# Scott fly rods



## Wildside31T (Feb 13, 2013)

So I got word that a local pawn shop has a Scott Fly rod in a 8wt paired with an orvis. Showed up there they were right about the rod but it was an orvis hydros reel, they wanted $200 for the combo ended up taking it for $40 because they said it wasn't fitting right. Turns out there is a guide broken and someone beat up the outside finish pretty bad other than that it's in awesome
Condition haven't thrown it yet just wanted to see what you all think about Scott rods. I have never used them myself his would be my first one 

Thanks,

Capt. Vince


----------



## salty_waders (Feb 13, 2006)

Scott rods are excellent fly rods. If it has a broken guide they can repair it for you. There's info on their website about repairs.

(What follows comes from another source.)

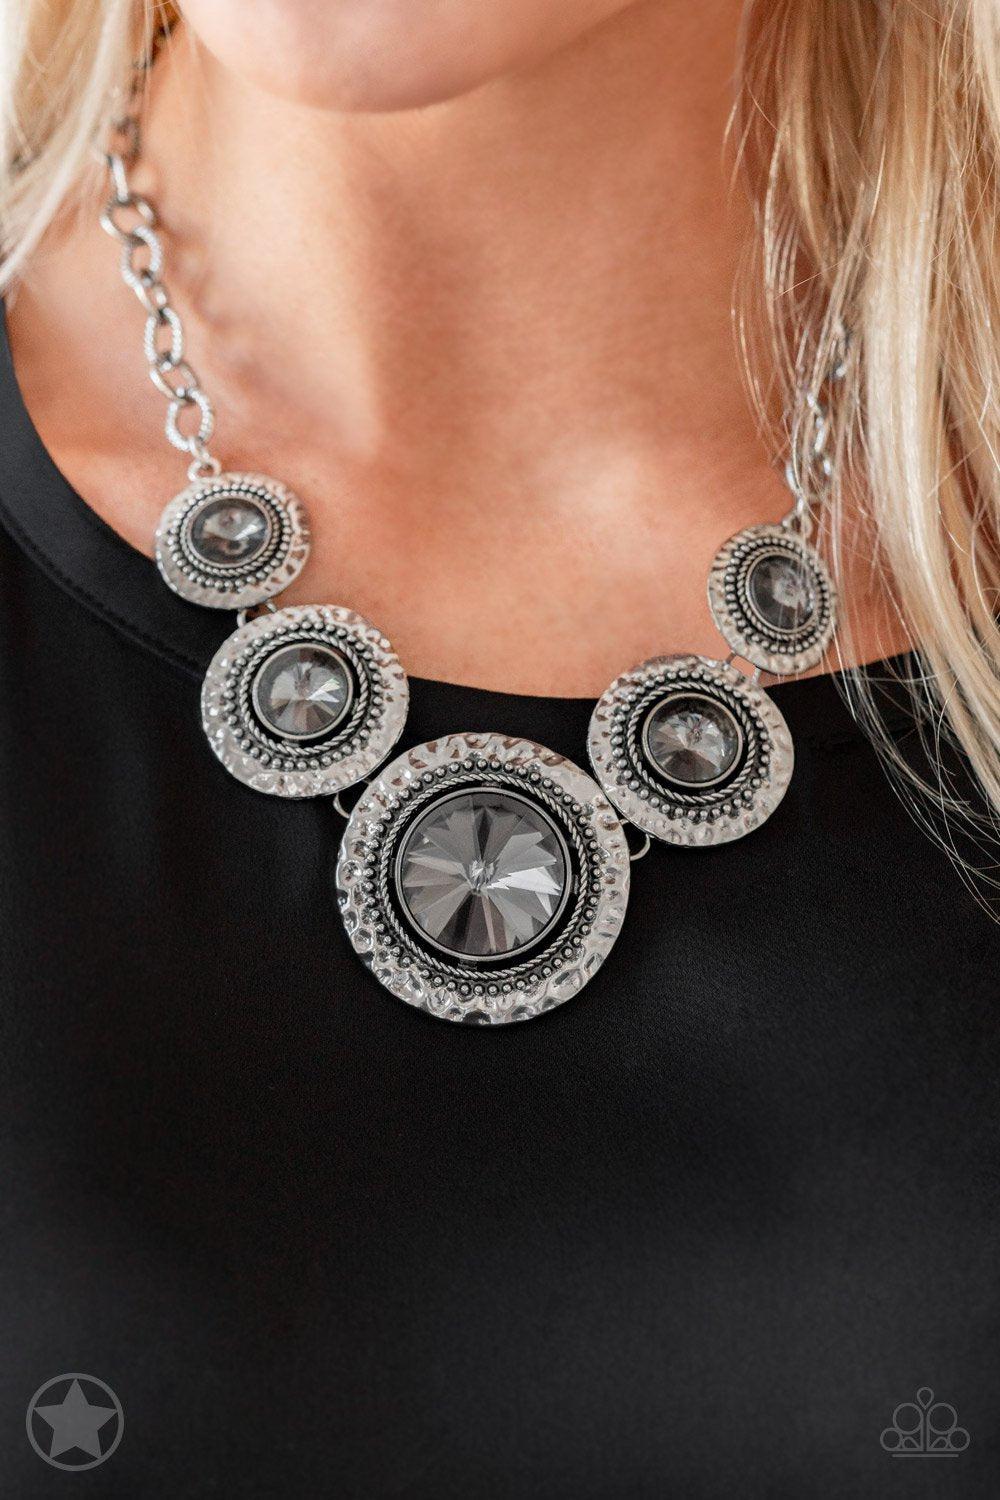 Global Glamour Silver and Smoky Gem Necklace and matching Earrings - Paparazzi Accessories - model -CarasShop.com - $5 Jewelry by Cara Jewels
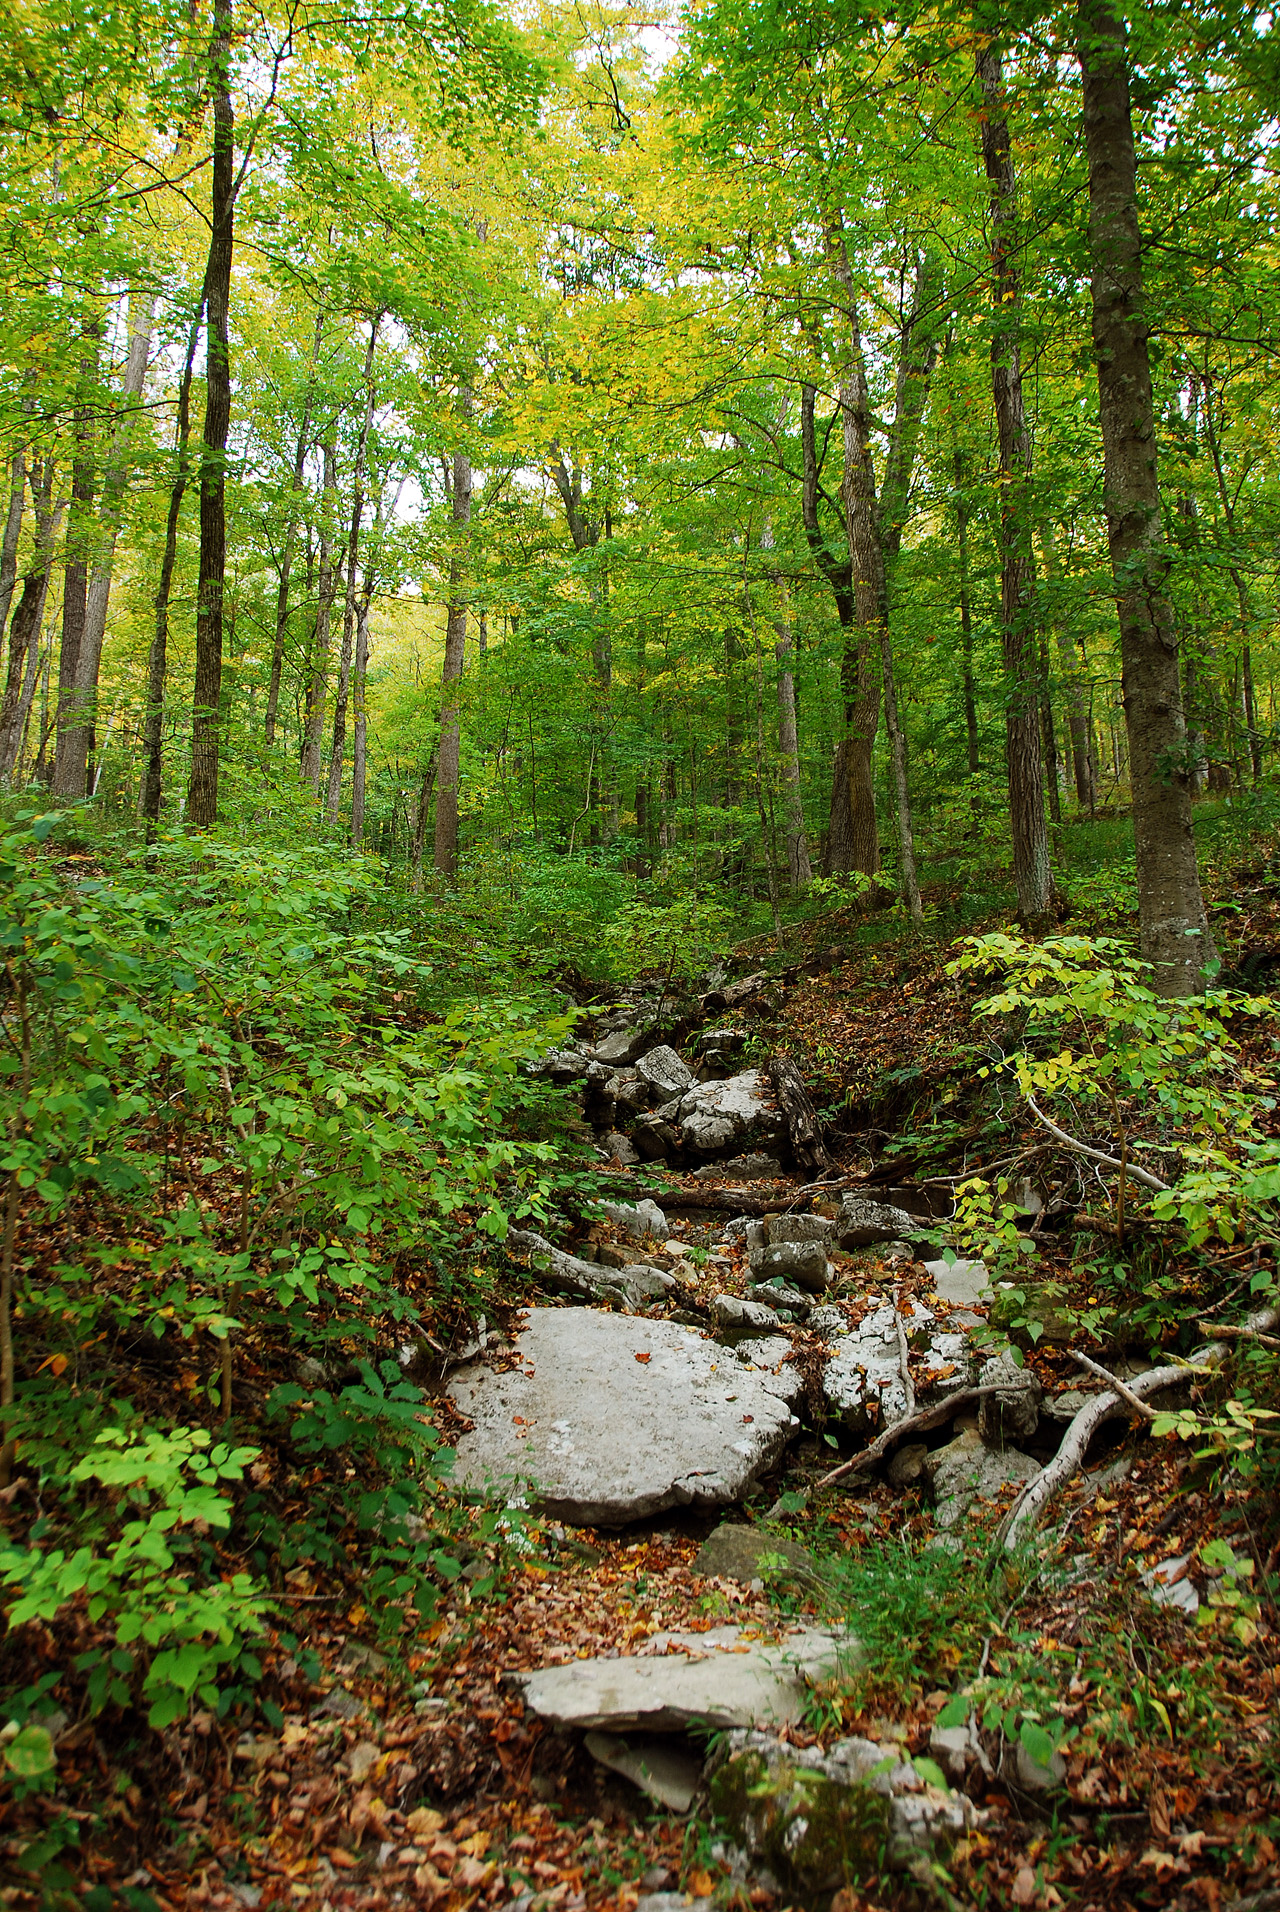 2012-10-12, 020, Mammoth Cave NP, KY

I have a Scott 7wt and its one of my favorite rods.


----------



## BBYC (Sep 25, 2007)

Got to practice with a Scott Meridian at Roys Bait and Tackle last week, it was incredible.


----------



## Wildside31T (Feb 13, 2013)

Awesome, they sent out the info to me the other day saying it was a $50 minimum for shipping and return then $100 for the broken eye and a refinish and a Ferrell replace then $45 for a case


----------



## RUFcaptain (Aug 12, 2011)

Scott, absolute top tier fly rod, best of the best.


----------



## GCELLC (Feb 23, 2017)

Ok I have a best of the best like new Scott Meridian 8 wt 2 pc for sale. $600 original owner


----------



## bonkers (Mar 2, 2016)

Will you take $40? lol


----------



## Top_Dog (Aug 1, 2007)

Yeah, I agree. 6 hundo is a tad high. They sell for about 50 bucks these days.


----------



## Maven (May 23, 2017)

I have a Scott 12 wt which is a very high quality rod on the level of Sage. I am not familiar with their 8wt but from what you paid you got a terrific deal.


----------